**Exercise description:**
Reproduce each line, exactly, from the one containing "Akashi Kaikyo Bridge, Akashi" through the end of the material. Exclude pictures.

**Given data:**
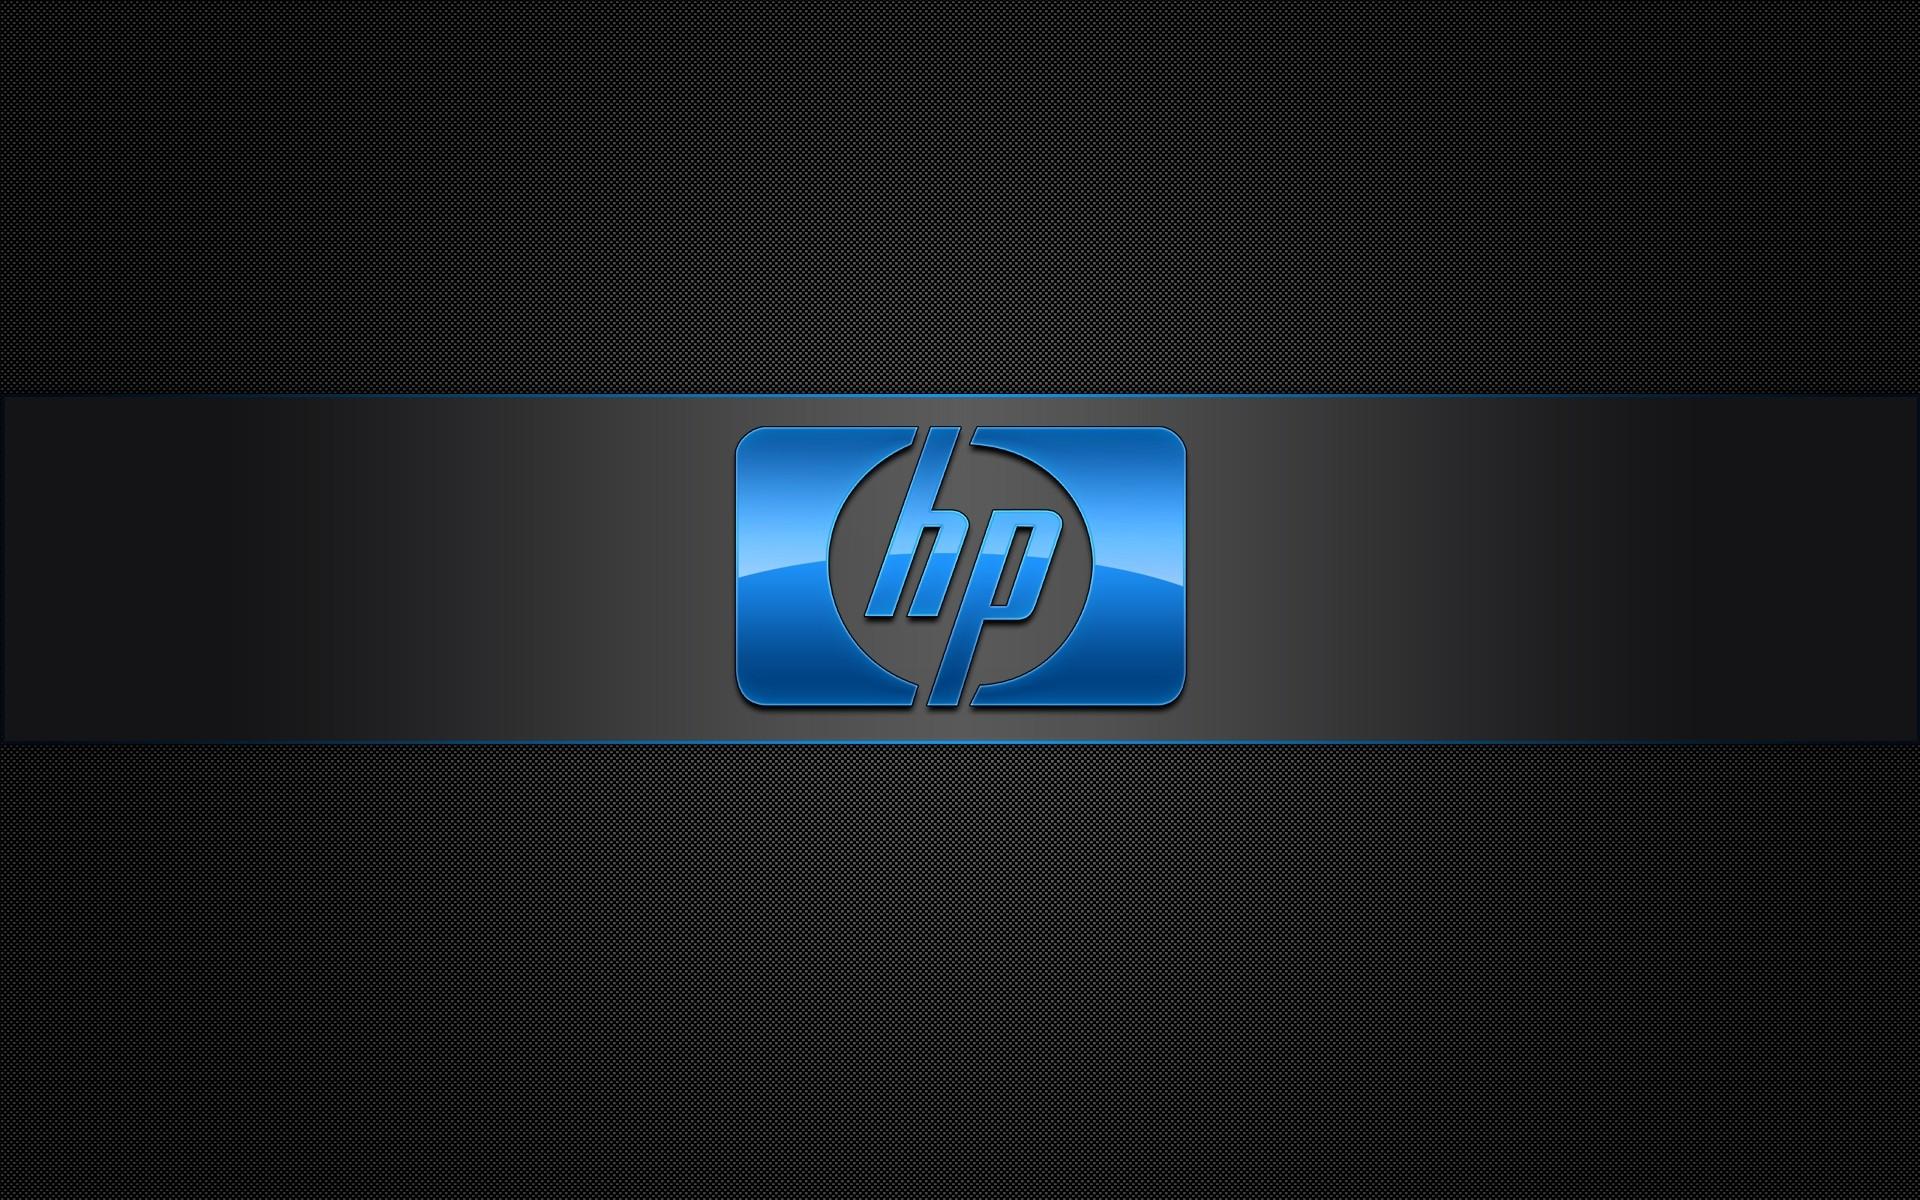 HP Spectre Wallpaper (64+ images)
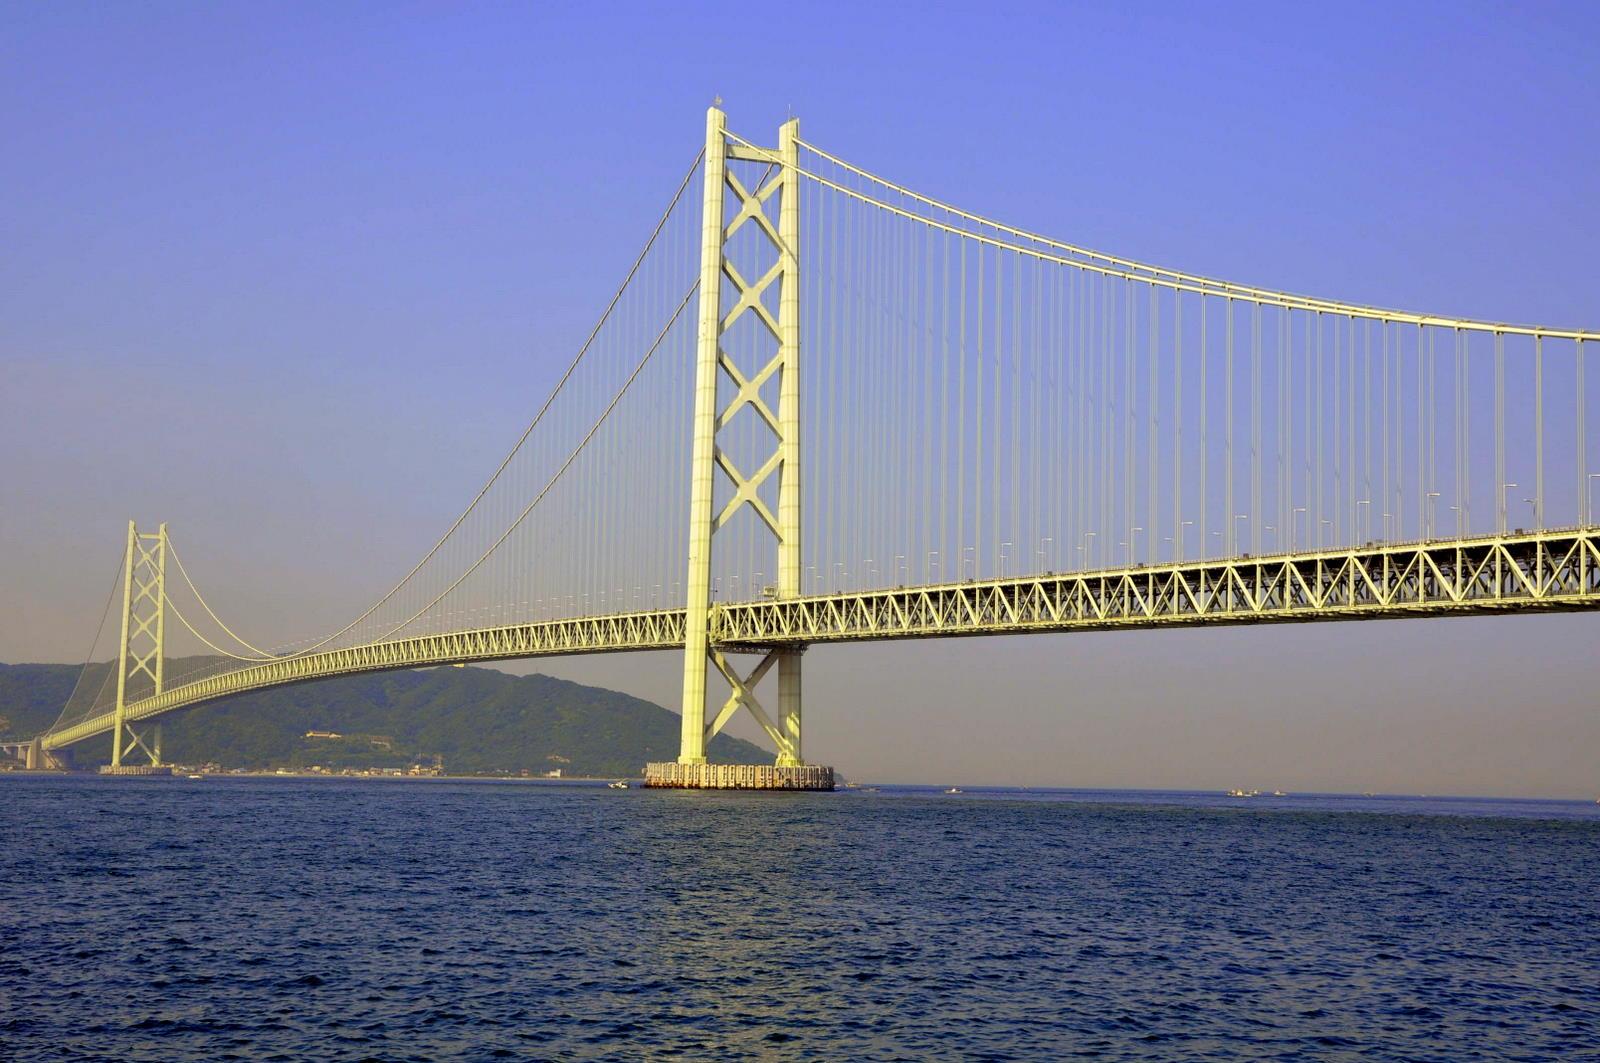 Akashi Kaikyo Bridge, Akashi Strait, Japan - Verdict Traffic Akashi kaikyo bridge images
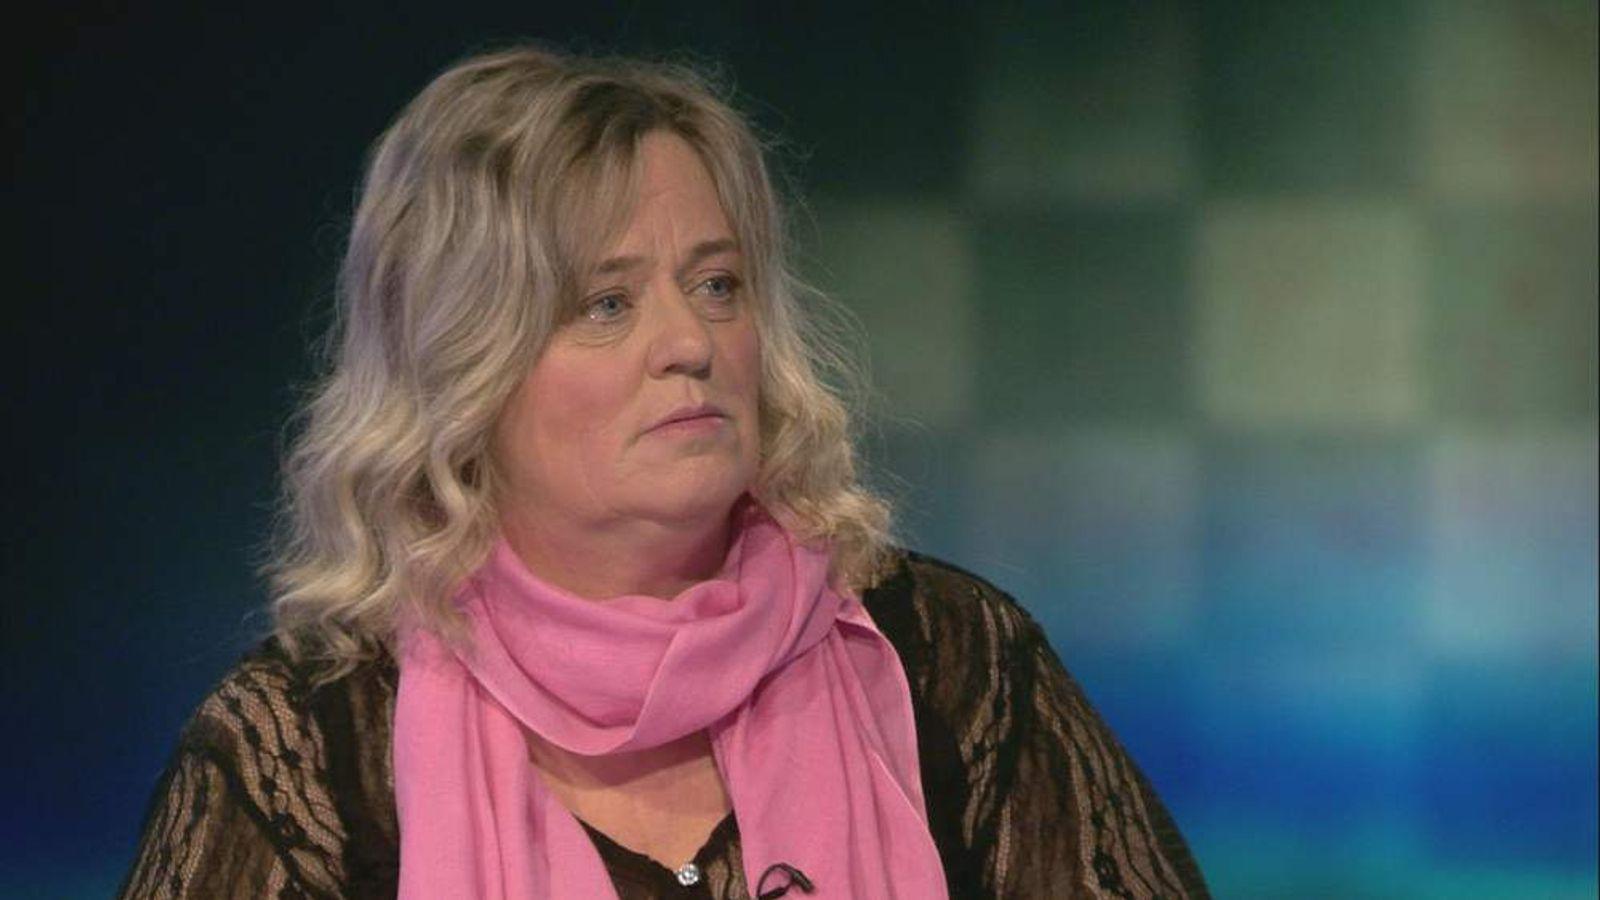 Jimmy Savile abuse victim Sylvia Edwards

**Solution:**
 Akashi Kaikyo Bridge, Akashi Strait, Japan - Verdict Traffic Akashi kaikyo bridge images
 Jimmy Savile abuse victim Sylvia Edwards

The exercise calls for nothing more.